As I mentioned, the choices are very broad with monoliths. From straight-up CMS forms like Keystone, Ghost (which has a focus on building an audience and membership), Strapi, Payload and Apostrophe to full-blown frameworks such as -Express, Meteor (hi Scott), Nest or Blitz.
If you're focus is performance, and you need client-side routing, check out SvelteKit. Rather than shipping your framework to the frontend, SvelteKit compiles to pure JavaScript. But it still hydrates all of what you can see on your screen, meaning it's not as performant as Astro can be.

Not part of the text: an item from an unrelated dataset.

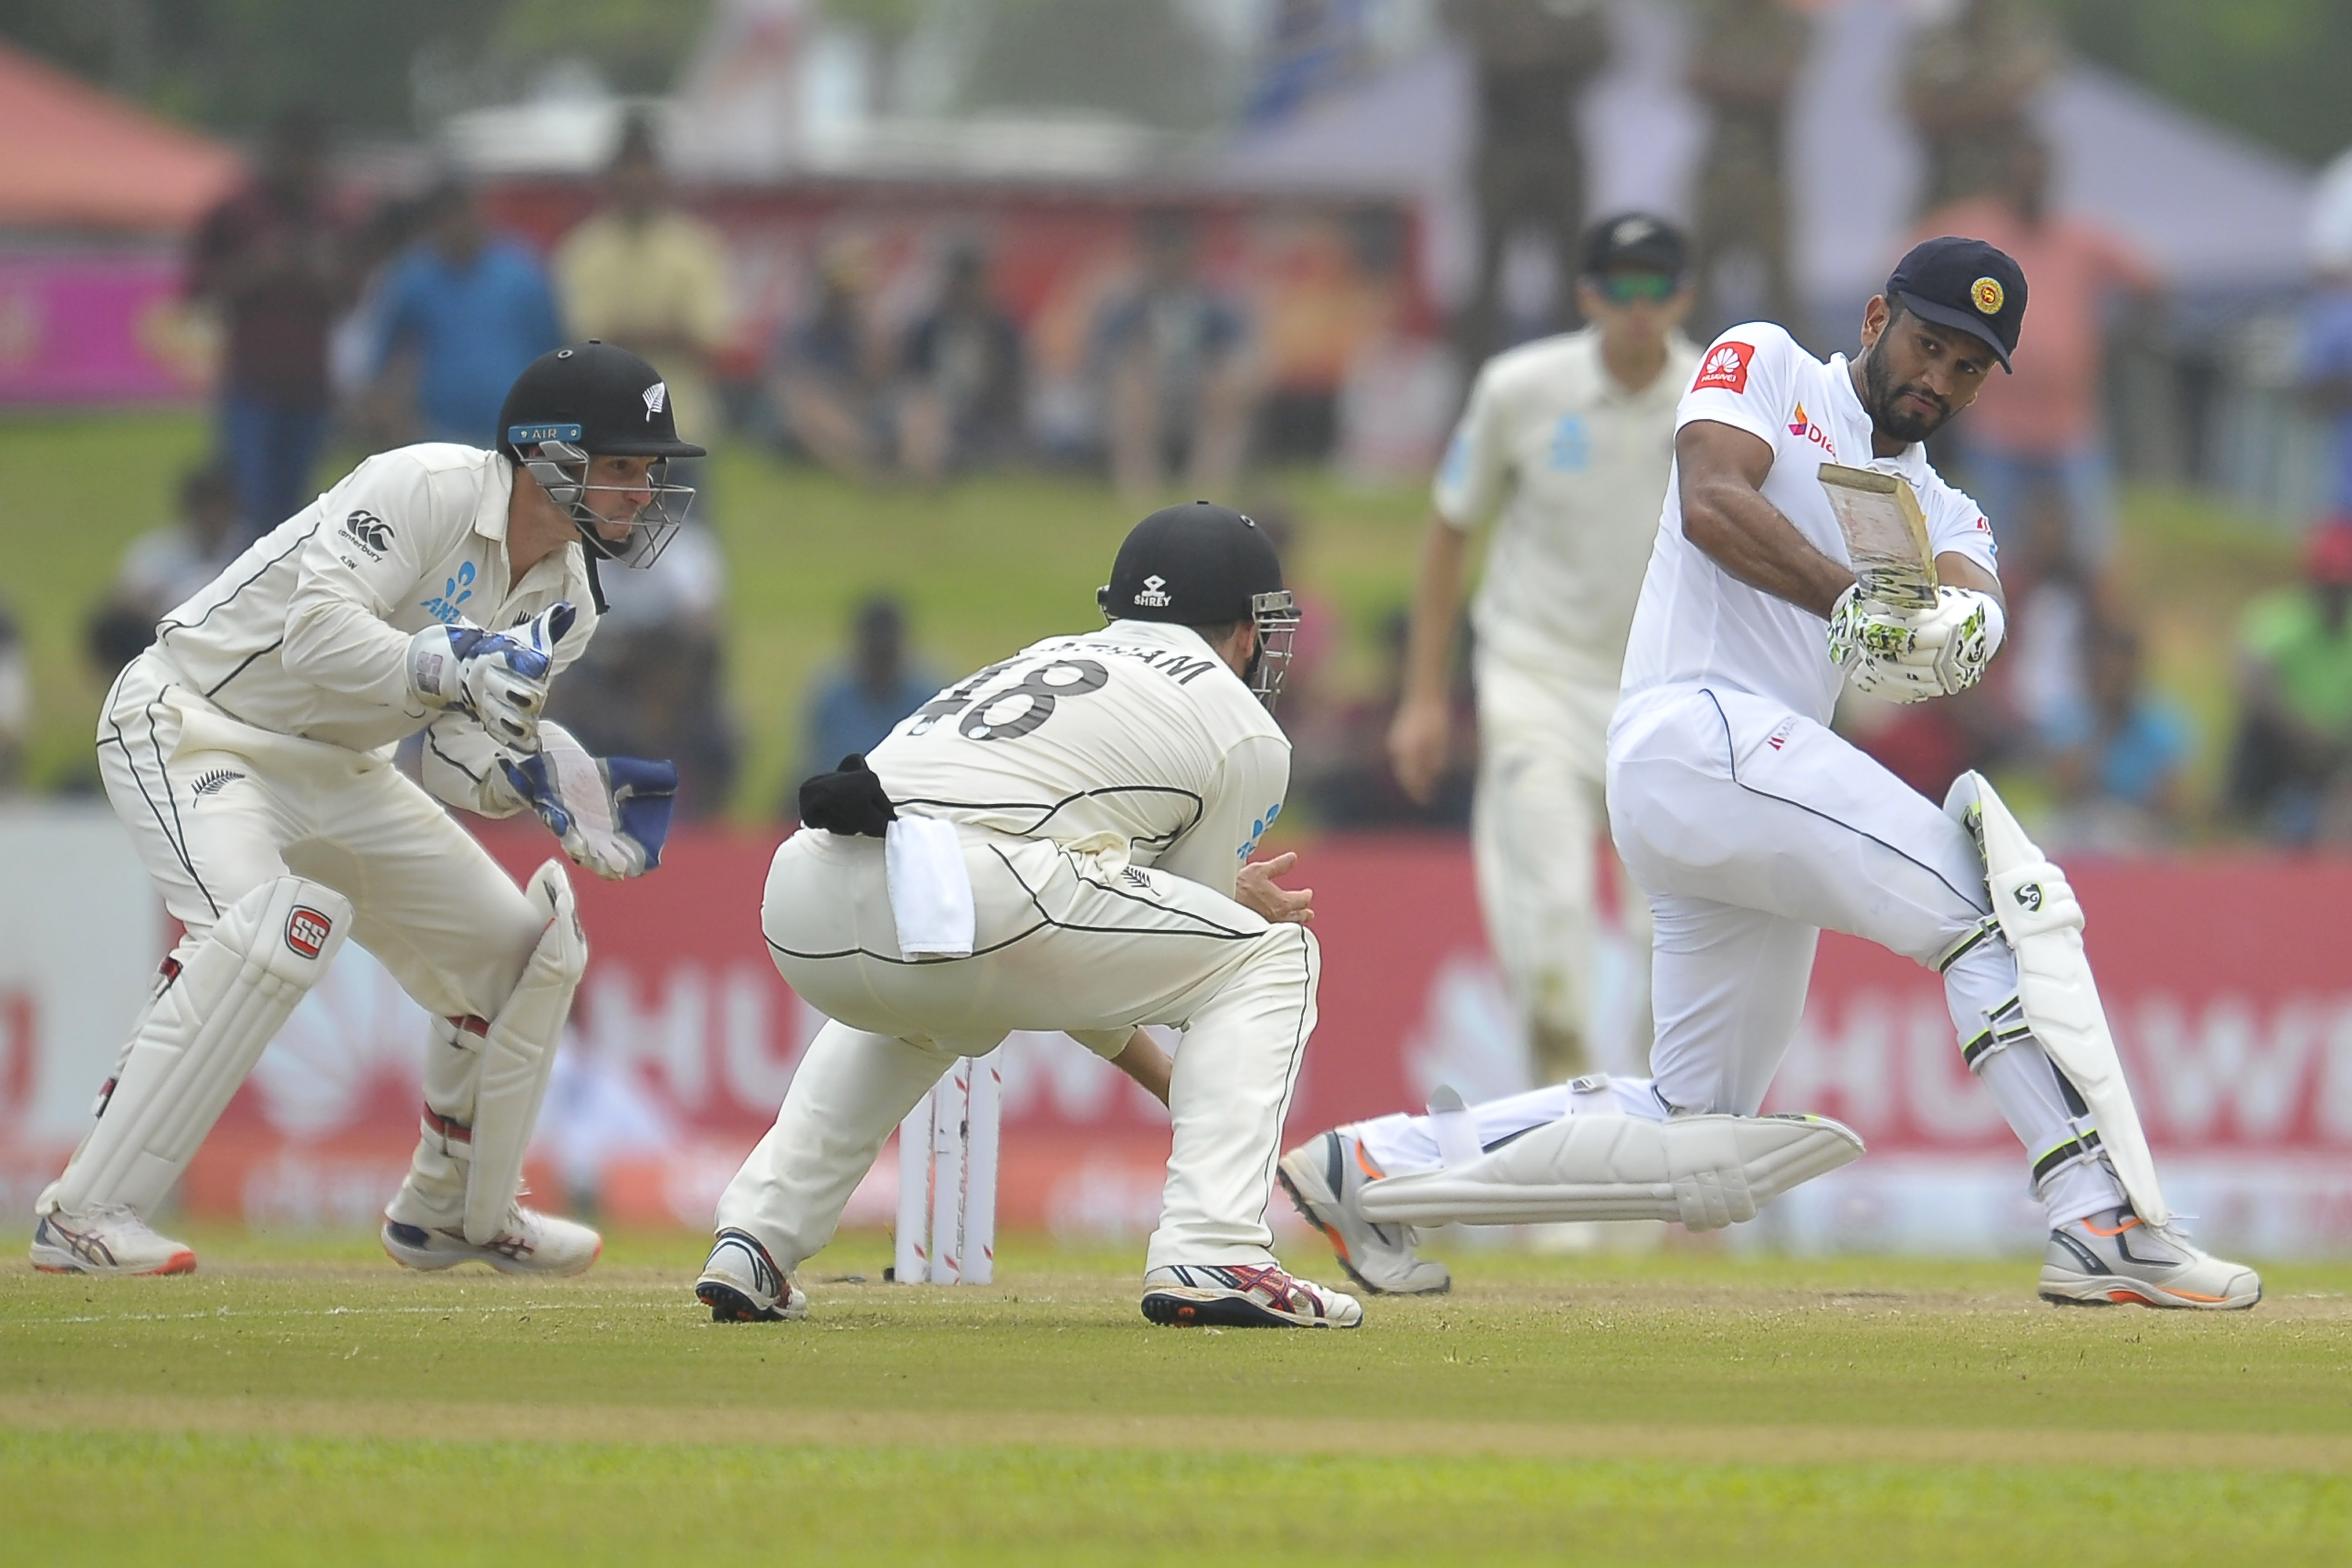 Sri Lanka sight victory 133/0 chasing 268

As I mentioned, the choices are very broad with monoliths. From straight-up CMS forms like Keystone, Ghost (which has a focus on building an audience and membership), Strapi, Payload and Apostrophe to full-blown frameworks such as -Express, Meteor (hi Scott), Nest or Blitz.
In the Vue world, there are plenty of choices, from the more low-level Nuxt, to Gridsome, which has a plugin ecosystem and build-time GraphQL API.
As I mentioned, the choices are very broad with monoliths. From straight-up CMS forms like Keystone, Ghost (which has a focus on building an audience and membership), Strapi, Payload and Apostrophe to full-blown frameworks such as -Express, Meteor (hi Scott), Nest or Blitz.
As I mentioned, the choices are very broad with monoliths. From straight-up CMS forms like Keystone, Ghost (which has a focus on building an audience and membership), Strapi, Payload and Apostrophe to full-blown frameworks such as -Express, Meteor (hi Scott), Nest or Blitz.
Astro, a newcomer on the scene, does client-side routing via it's Collections API, other than that it's HTML all the way baby. I'm particularly fond of Astro because you can use whatever frontend framework you want.
As I mentioned, the choices are very broad with monoliths. From straight-up CMS forms like Keystone, Ghost (which has a focus on building an audience and membership), Strapi, Payload and Apostrophe to full-blown frameworks such as -Express, Meteor (hi Scott), Nest or Blitz.